I already know that the sequence converges as when $n$ approaches $\infty$:
$$\lim_{n \to\infty}\frac{\frac{n^{2}}{n^{3}}+\frac{(-1)^{n}}{n^{3}}}{\frac{2n^{3}}{n^{3}}+\frac{1}{n^{3}}} \;\;\implies\;\;\lim_{n \to \infty}\frac{0+0}{2+0}=\frac{0}{2}=0$$ I want to find out if this sequence is absolutely convergent or not. What I am not sure if I am doing it right.

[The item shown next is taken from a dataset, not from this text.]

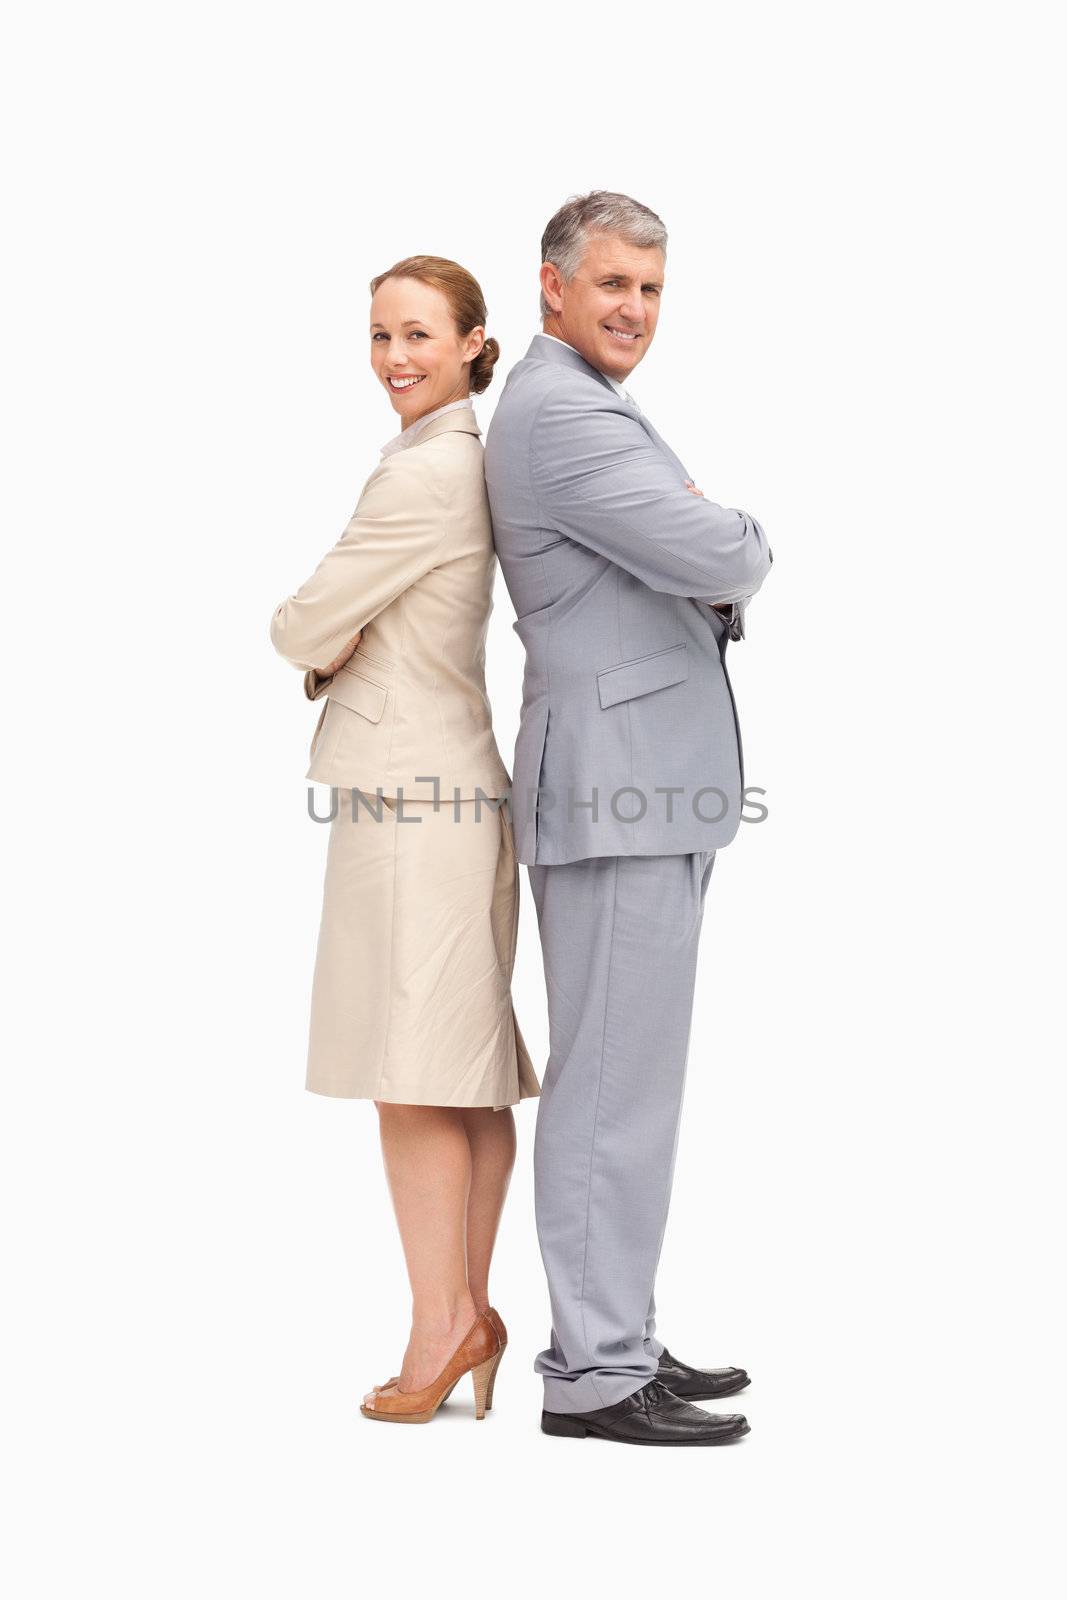 Portrait of smiling business people back to back against white background

Its the same process, where I take the absolute value of the sequence and I get the same answer: $\lim_{n \to\infty}\frac{0}{2}=0$. BUT I see that I can divide only by $n^{2}$ and I'll get: $$\lim_{n \to\infty}\frac{\frac{n^{2}}{n^{2}}+\frac{(-1)^{n}}{n^{2}}}{\frac{2n^{3}}{n^{2}}+\frac{1}{n^{2}}} \;\;\implies\;\;\lim_{n \to \infty}\frac{1+0}{2n+0} \;\;\implies\;\;\lim_{n \to \infty}\frac{1}{2n}$$
Which is awfully similar to $\frac{1}{n}$ that diverges.